Web query log is a type of file keeping track of the activities of the users who are utilizing a search engine. Compared to traditional information retrieval setting in which documents are the only information source available, query logs are an additional information source in the Web search setting. Based on query logs, a set of Web mining techniques, such as log-based query clustering, log-based query expansion, collaborative filtering and personalized search, could be employed to improve the performance of Web search.
Web usage mining is an application of data mining techniques to discovering interesting usage patterns from Web data, in order to understand and better serve the needs of Web-based applications. Since the majority of usage data is stored in Web logs, usage mining is usually also referred to as log mining. Web logs can be divided into three categories based on the location of data collecting: server log, client log, and proxy log. Server log provides an aggregate picture of the usage of a service by all users, while client log provides a complete picture of usage of all services by a particular client, with the proxy log being somewhere in the middle (Srivastava, Cooley, Deshpande, & Tan, 2000).
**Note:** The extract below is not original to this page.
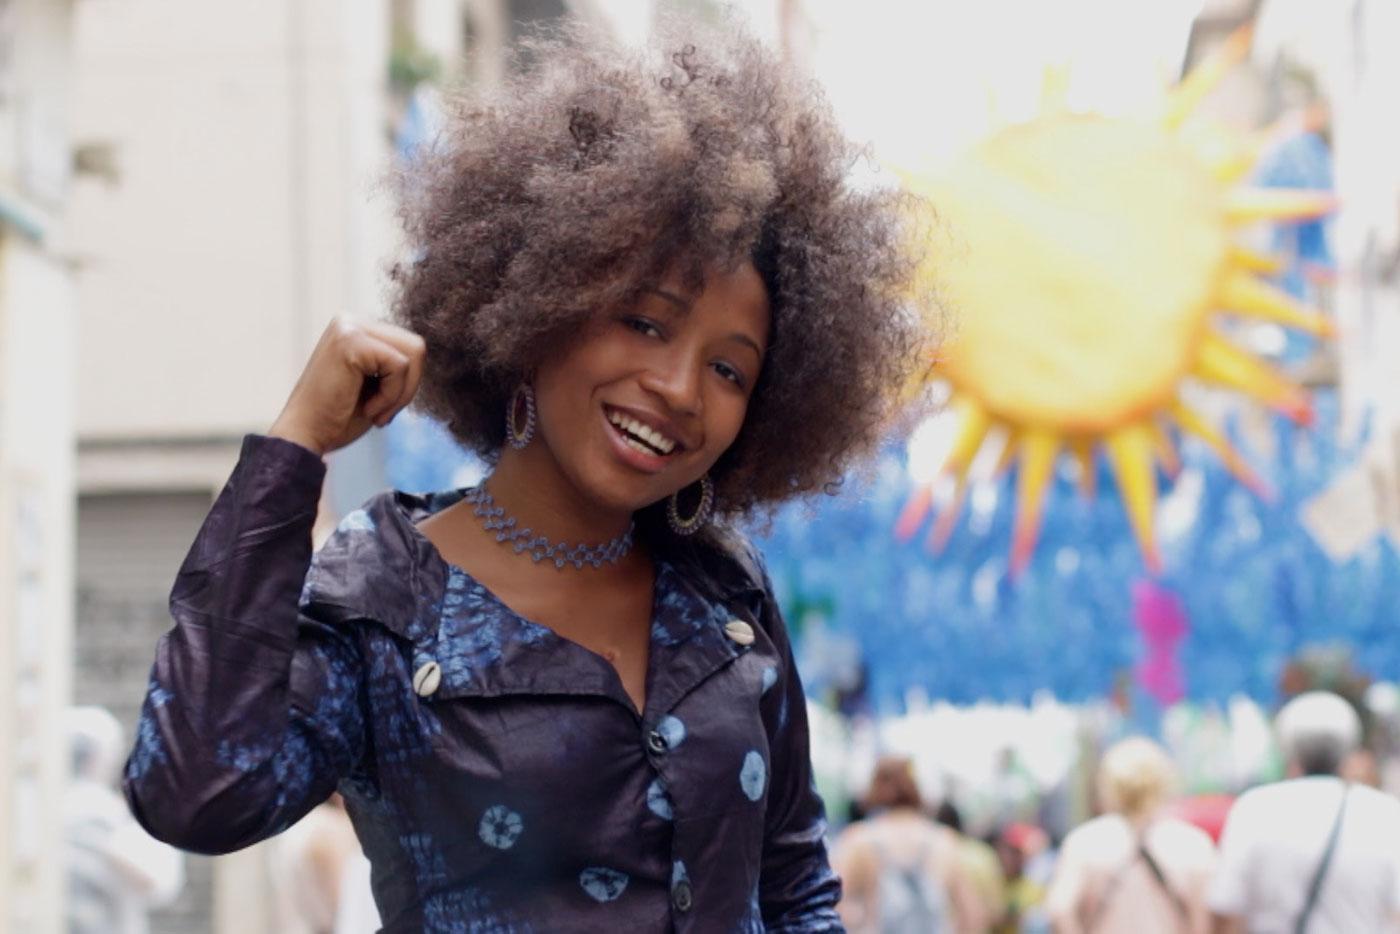 Alter Africa celebrará la música africana facturada en Barcelona
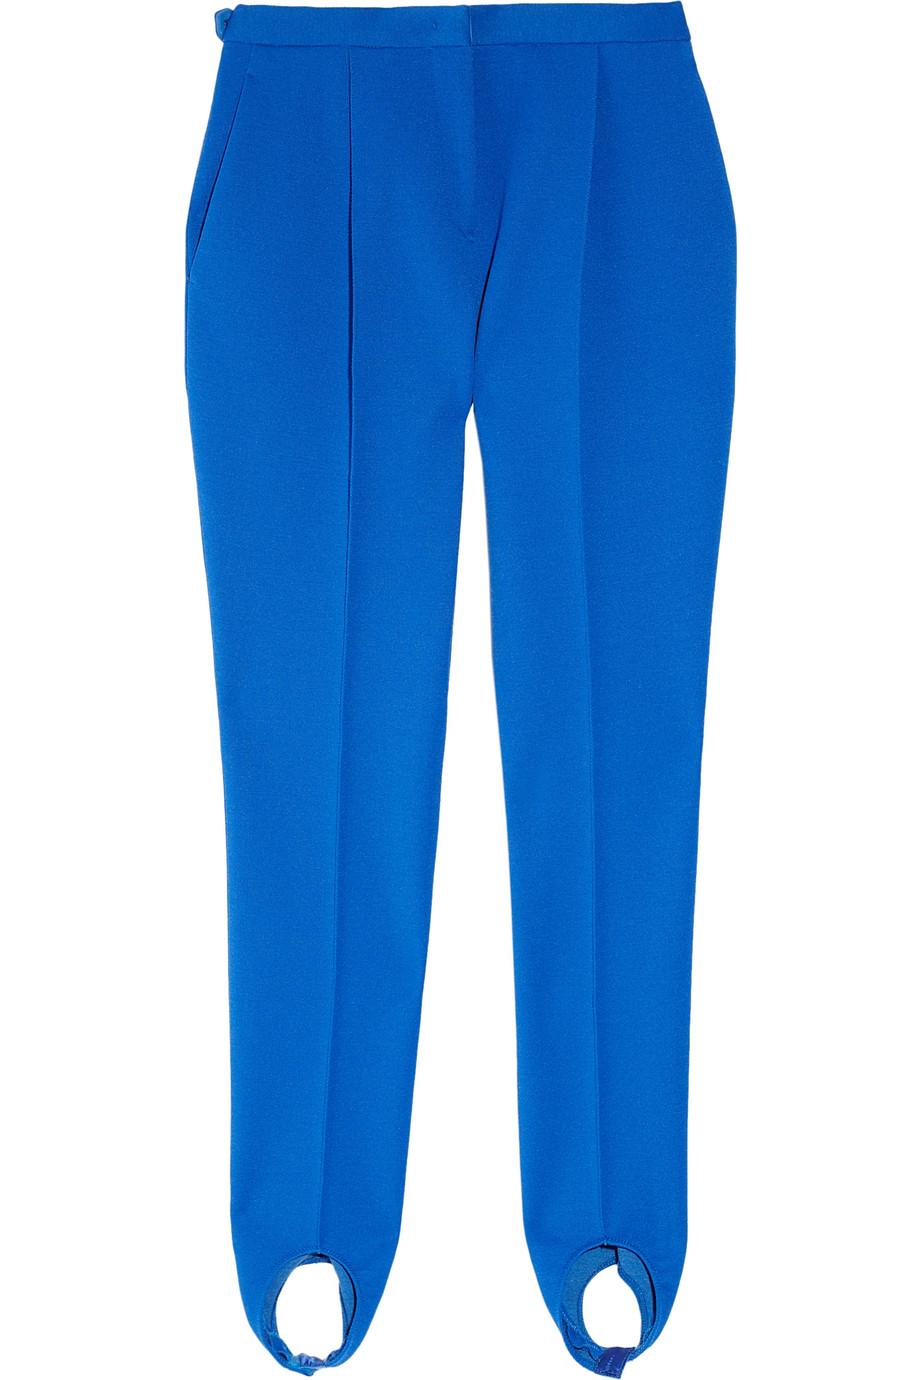 Jil Sander Harvey Short Stretch Wool Crepe Stirrup Pants

Query log mining could be viewed as a special kind of Web usage mining. While there is a lot of work about mining Website navigation logs for site monitoring, site adaptation, performance improvement, personalization and business intelligence, there is relatively little work of mining search engines’ query logs for improving Web search performance. In early years, researchers have proved that relevance feedback can significantly improve retrieval performance if users provide sufficient and correct relevance judgments for queries (Xu & Croft, 2000). However, in real search scenarios, users are usually reluctant to explicitly give their relevance feedback. A large amount of users’ past query sessions have been accumulated in the query logs of search engines. Each query session records a user query and the corresponding pages the user has selected to browse. Therefore, a query log can be viewed as a valuable source containing a large amount of users’ implicit relevance judgments. Obviously, these relevance judgments can be used to more accurately detect users’ query intentions and improve the ranking of search results.
One important assumption behind query log mining is that the clicked pages are “relevant” to the query. Although the clicking information is not as accurate as explicit relevance judgment in traditional relevance feedback, the user’s choice does suggest a certain degree of relevance. In the long run with a large amount of log data, query logs can be treated as a reliable resource containing abundant implicit relevance judgments from a statistical point of view.